It’s adapt or die for businesses in South Africa

 ·12 Jul 2023

South Africa’s economy has been drained by load shedding; however, businesses remain resilient. This is more out of necessity than desire, however, and has seen companies sinking millions of rands into alternative power supplies.

In its latest Guide to the Economy Report, finance group Nedbank said that the country just managed to escape a technical recession in the first quarter of 2023, with GDP growing by 0.4% compared to the prior quarter, following a 1.1% decline in the final quarter of 2022.

The bank said that most of the significant positive contributions came from the production side, specifically the manufacturing industries, domestic trade, transport, communications and finance, real estate, and business services.

“Much of the improvements reflect some normalisation of the previous quarter’s low base rather than any significant upward traction.”

“Even so, the rebounds in the power-intensive manufacturing and mining sectors, despite severe load-shedding, suggest that these industries are adapting to the challenging trading conditions by securing alternative energy sources,” Nedbank said.

The bank added that finance, real estate, and business services, the economy’s largest sector, contributing 20.9% to GDP, also recovered off the previous quarter’s low base.

“A similar story unfolded in domestic trade and transport and communications, all supported by firmer consumer spending and the ongoing recovery in international tourism,” said Nedbank.

It said that similar to manufacturing and mining sectors, businesses in other sectors are also turning to generators to mitigate the impact of load shedding, managing to operate at higher levels than would otherwise have been the case.

On the opposite side of having stable business as a result of alternative energy sources, the use of more expensive electricity sources pushed operating costs sharply higher, eroding profit margins significantly.

Nedbank said that an unsurprising result of this is that contractions were experienced in electricity, gas, and water, with value-added falling for the fourth consecutive quarter as Eskom’s power generation capacity remained constrained.

One of the biggest drags to business came from agriculture, which contracted by 12.3% after having shrunk by 2.4% in the final quarter of 2022.

According to Nedbank, farmers were hard hit by load-shedding, which inflated both electricity and water costs. At the same time, field crops were damaged by excessive rains in some regions, and meat producers continued to grapple with foot and mouth disease.

In May, the CEO of Agri SA, Christo Van der Rheede, said that load shedding was setting back the agricultural industry billions as diesel for generators was relied upon heavily.

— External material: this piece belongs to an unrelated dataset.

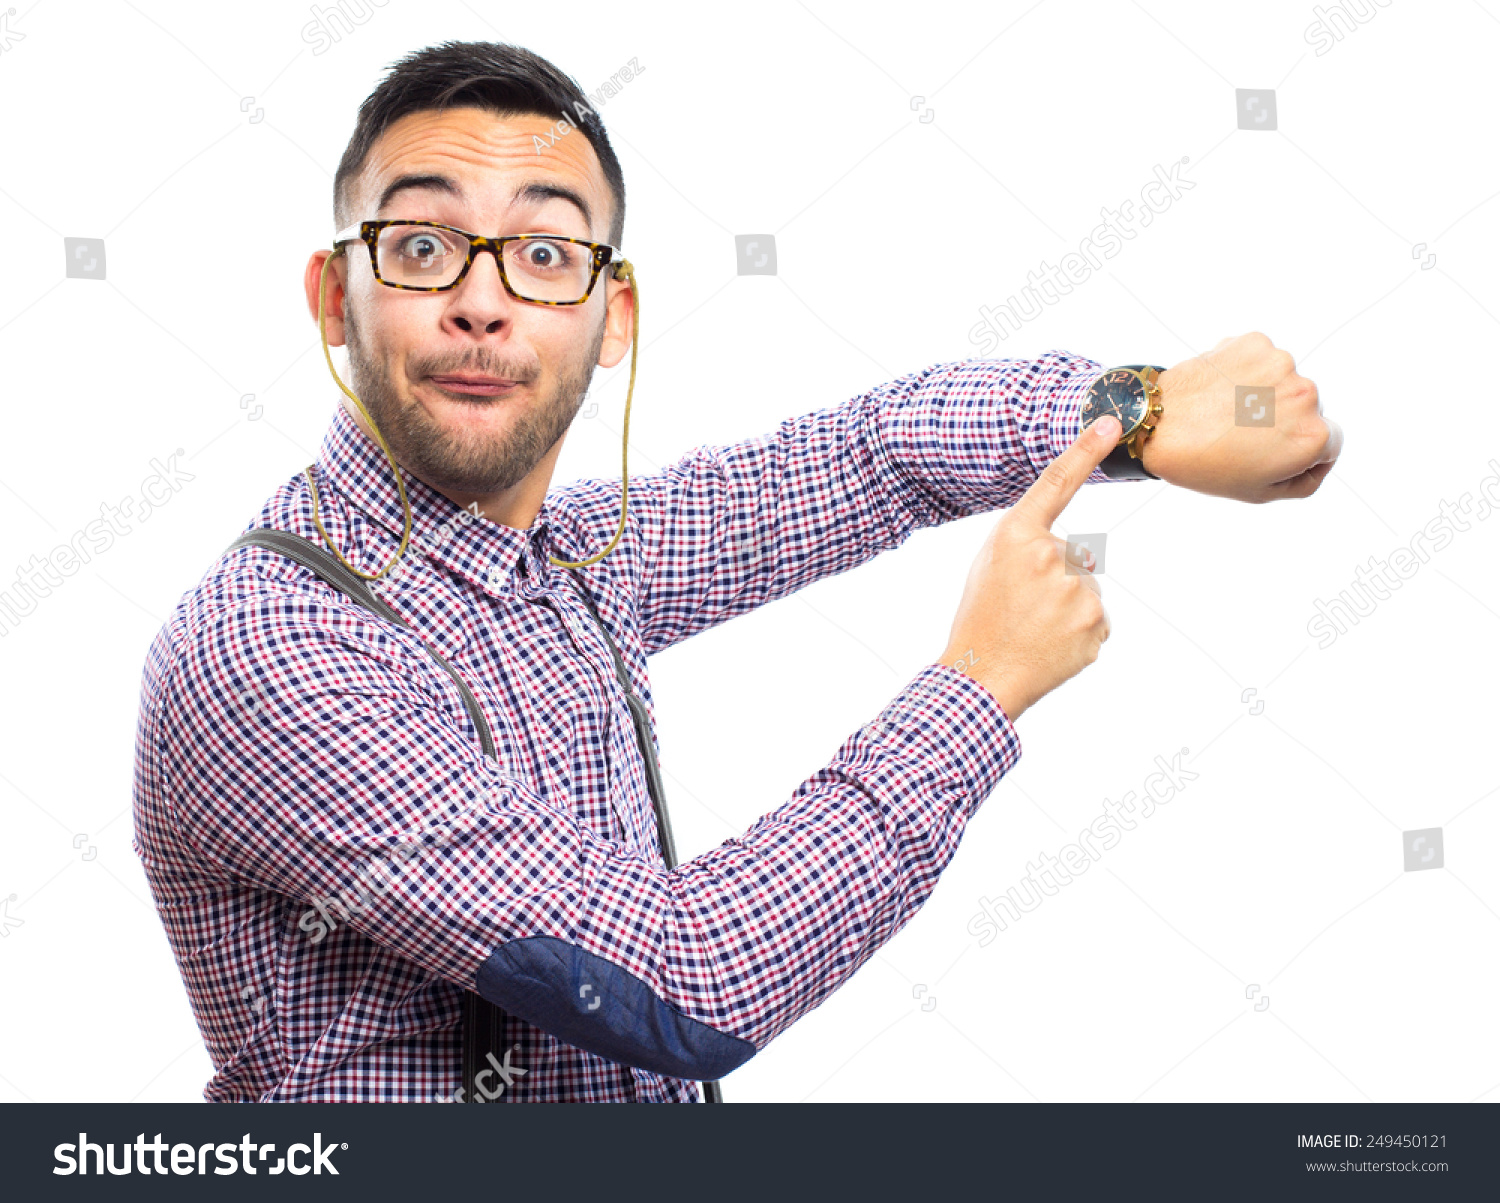 stock-photo-funny-nerd-pointing-his-watch-249450121.jpg
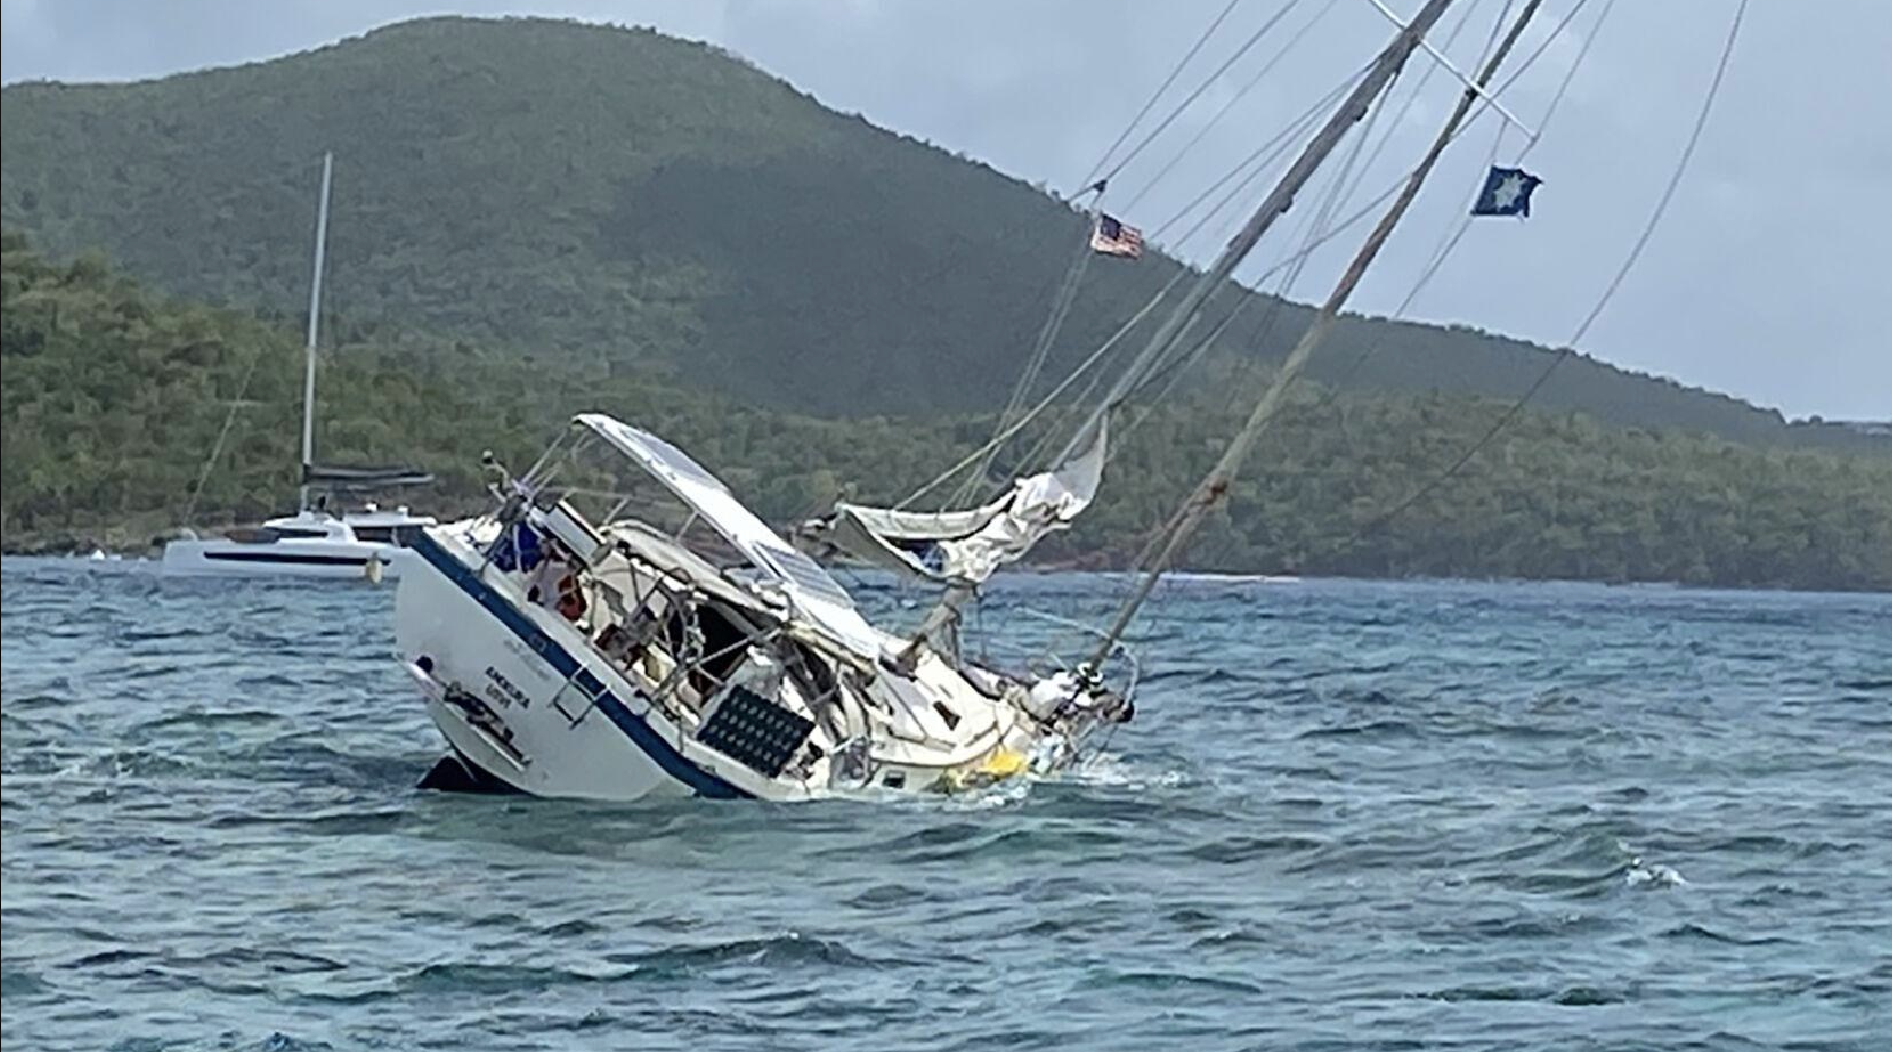 The 42-foot Amokura lists after grounding on July 7 at Johnson’s Reef off St. John. (Coast Guard photo)

Over the nine months between January and September 2022 – when load shedding more than doubled compared to 2021 – the agricultural sector lost more than R23 billion, reported the CEO.

This can be expected to only increase as load shedding in 2023 has already surpassed that of 2022.

Furthermore, load shedding has hurt the country’s major retailers with Pick’ n Pay as well as Shoprite’s spending millions to keep the lights on. Load shedding costs assessed by BusinessTech showed that all the major retailers combined had spent R2.4 billion to stave off blackouts.

Nedbank’s latest report comes as Eskom returns to stage 6 load shedding following an extended period of lower stages as a result of cooler weather and less demand.

The power utility said the increase in the severity and frequency of blackouts was needed due to an additional loss of generating units overnight, the extensive use of open cycle gas turbines the inability to restore pumped storage fam levels.